-- Opening Marker --
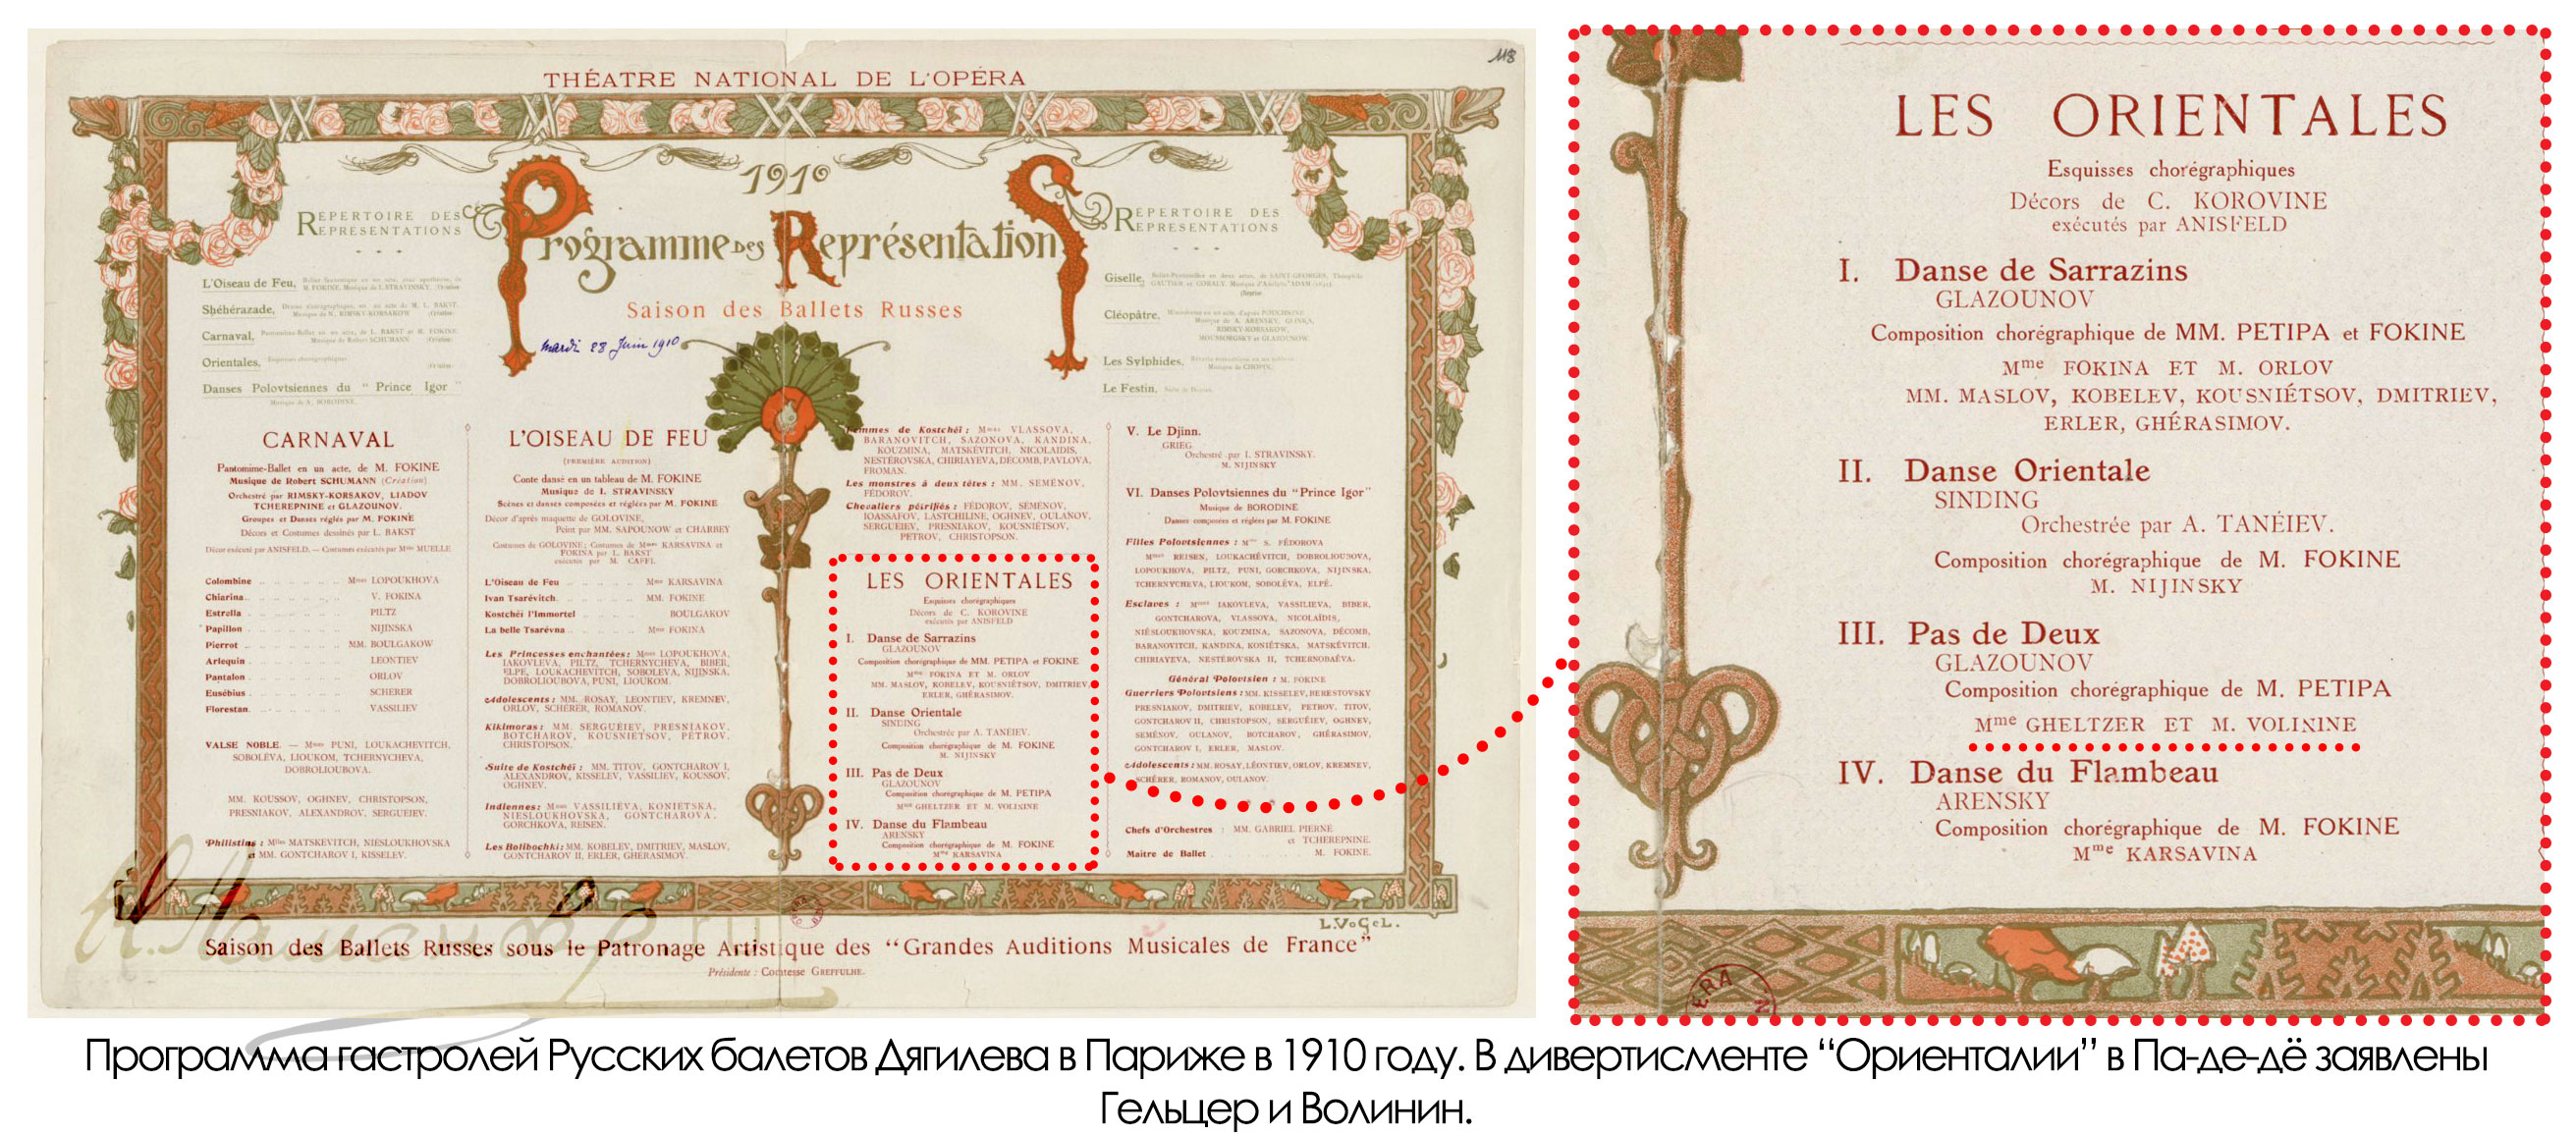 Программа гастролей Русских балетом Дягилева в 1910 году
-- Closing Marker --
-- Opening Marker --
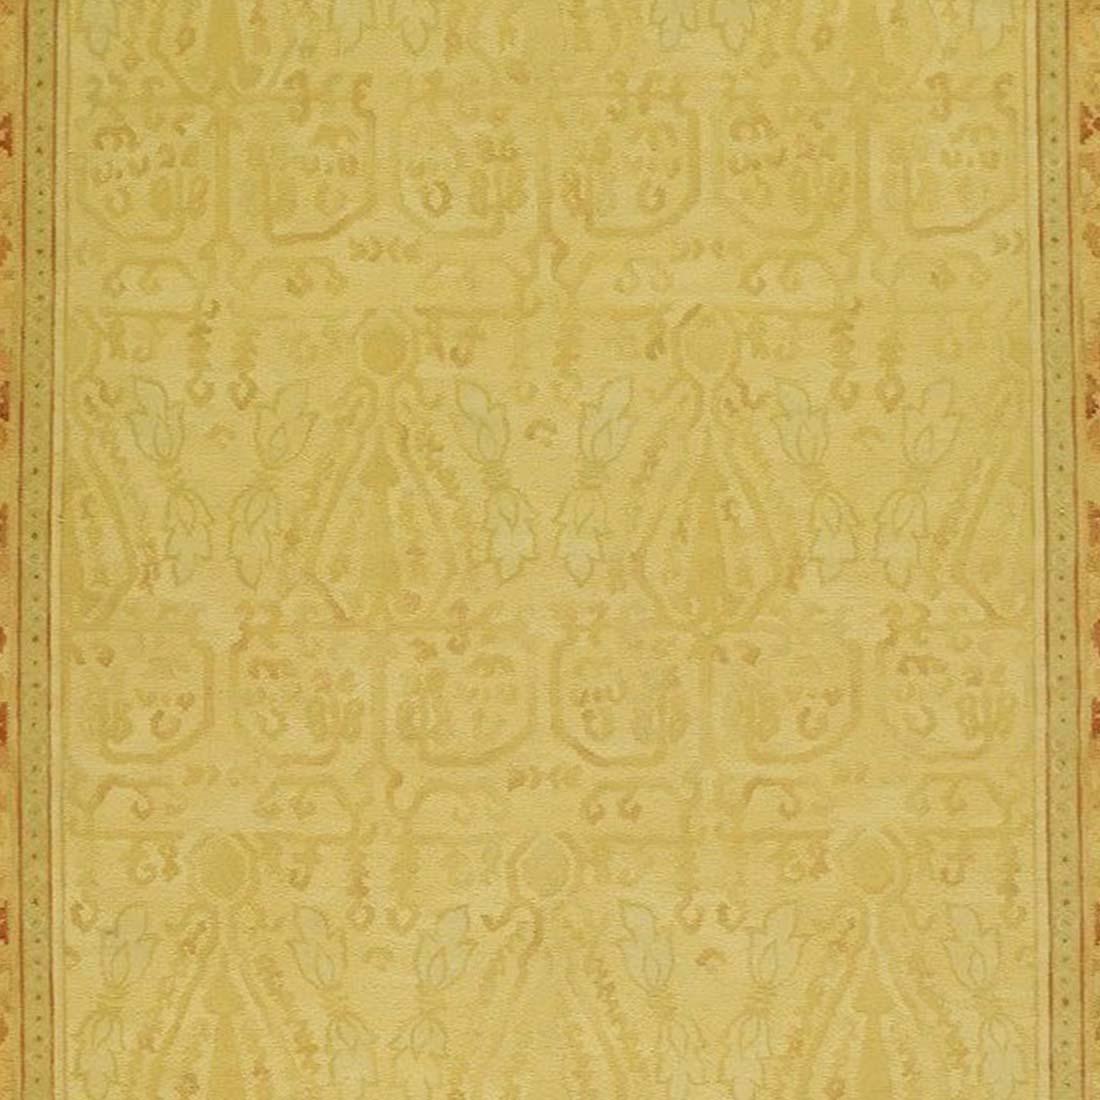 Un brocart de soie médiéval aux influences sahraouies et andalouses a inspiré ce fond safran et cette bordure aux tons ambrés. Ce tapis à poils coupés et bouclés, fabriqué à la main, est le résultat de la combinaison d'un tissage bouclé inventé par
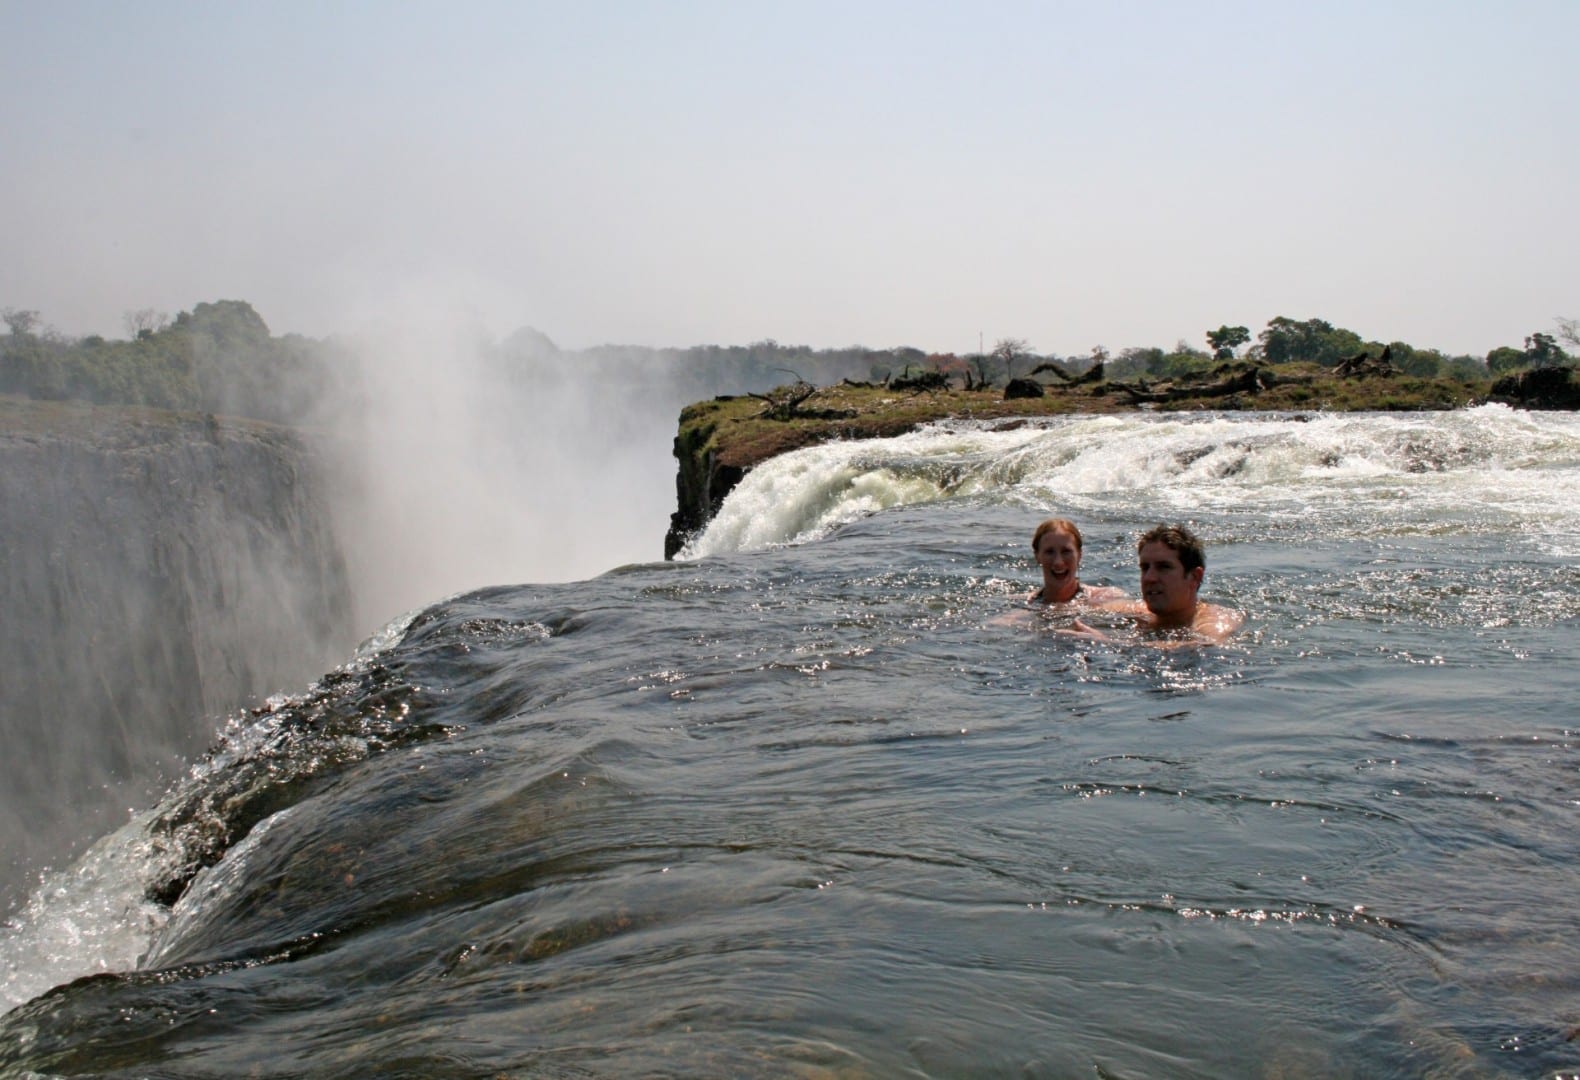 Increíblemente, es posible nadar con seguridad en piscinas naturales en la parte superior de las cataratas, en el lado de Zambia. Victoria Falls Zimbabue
-- Closing Marker --
-- Opening Marker --
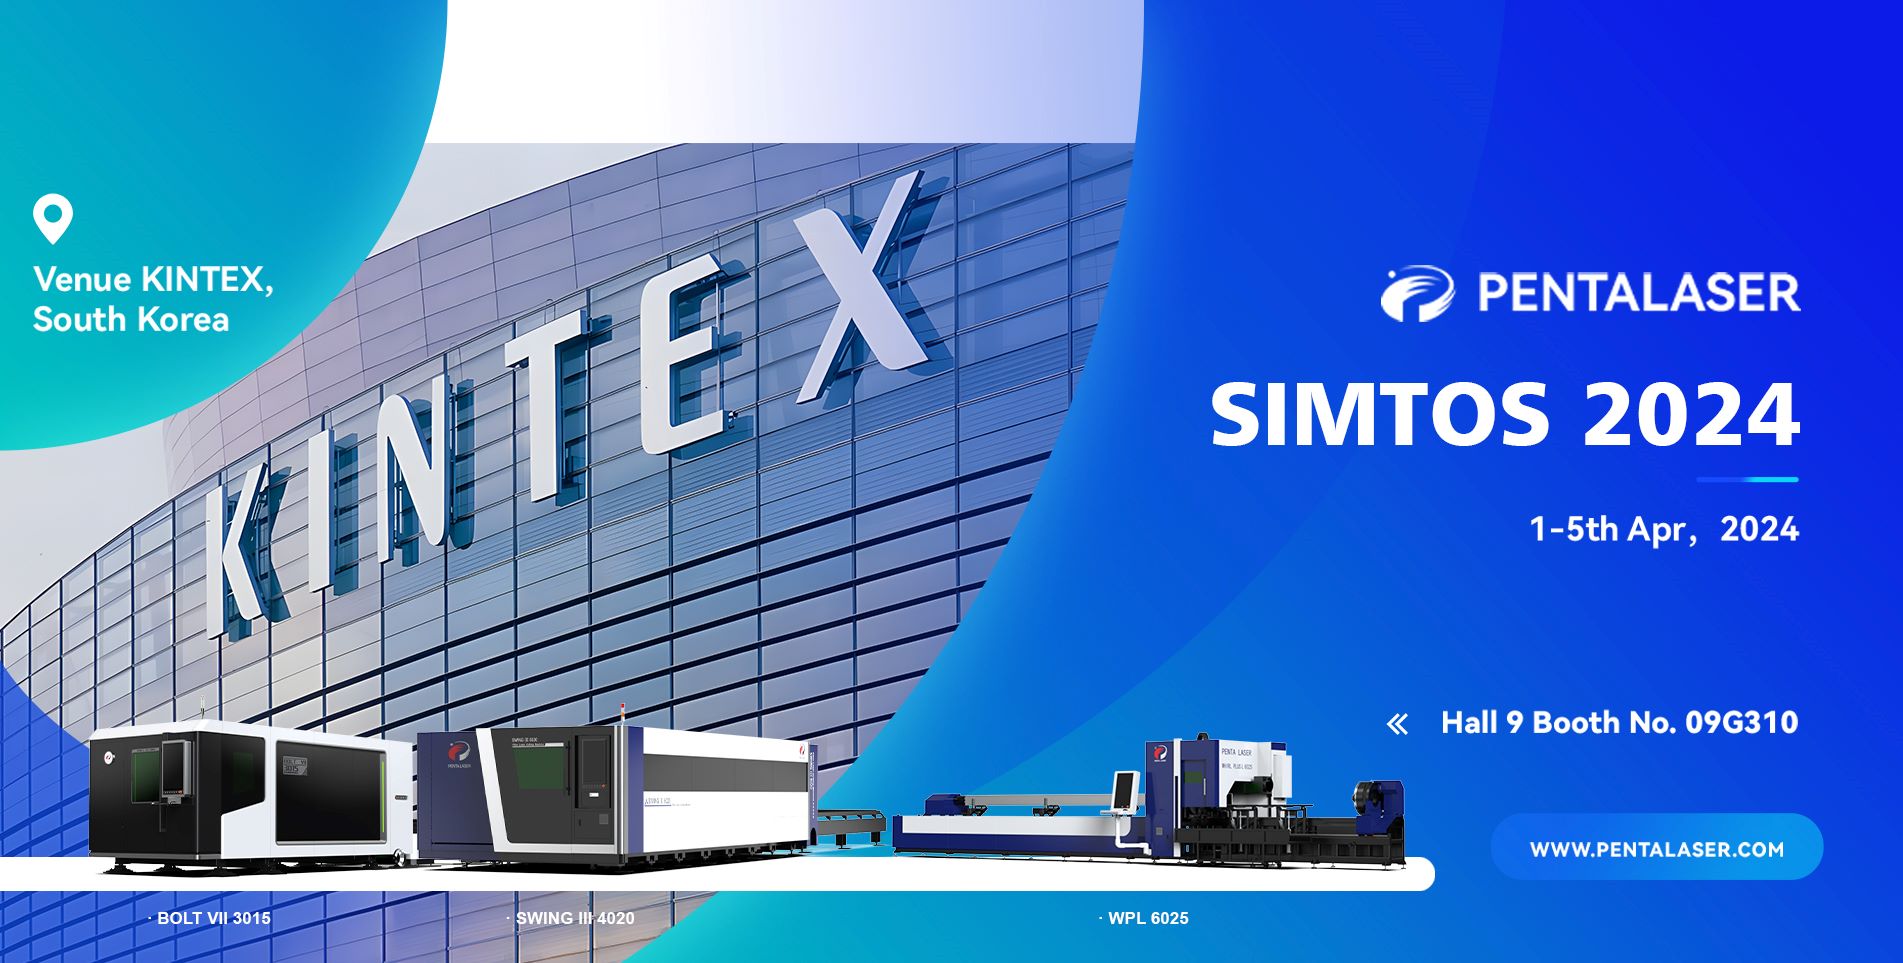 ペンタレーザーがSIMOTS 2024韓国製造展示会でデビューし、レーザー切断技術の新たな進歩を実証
-- Closing Marker --
§ ASSIGNED TASK: Beginning with the line above that contains "Un brocart de" and ending with the line that contains "Increíblemente, es posible", quote each line exactly, keeping out the pictures.

§ TASK ANSWER:
 Un brocart de soie médiéval aux influences sahraouies et andalouses a inspiré ce fond safran et cette bordure aux tons ambrés. Ce tapis à poils coupés et bouclés, fabriqué à la main, est le résultat de la combinaison d'un tissage bouclé inventé par
 Increíblemente, es posible nadar con seguridad en piscinas naturales en la parte superior de las cataratas, en el lado de Zambia. Victoria Falls Zimbabue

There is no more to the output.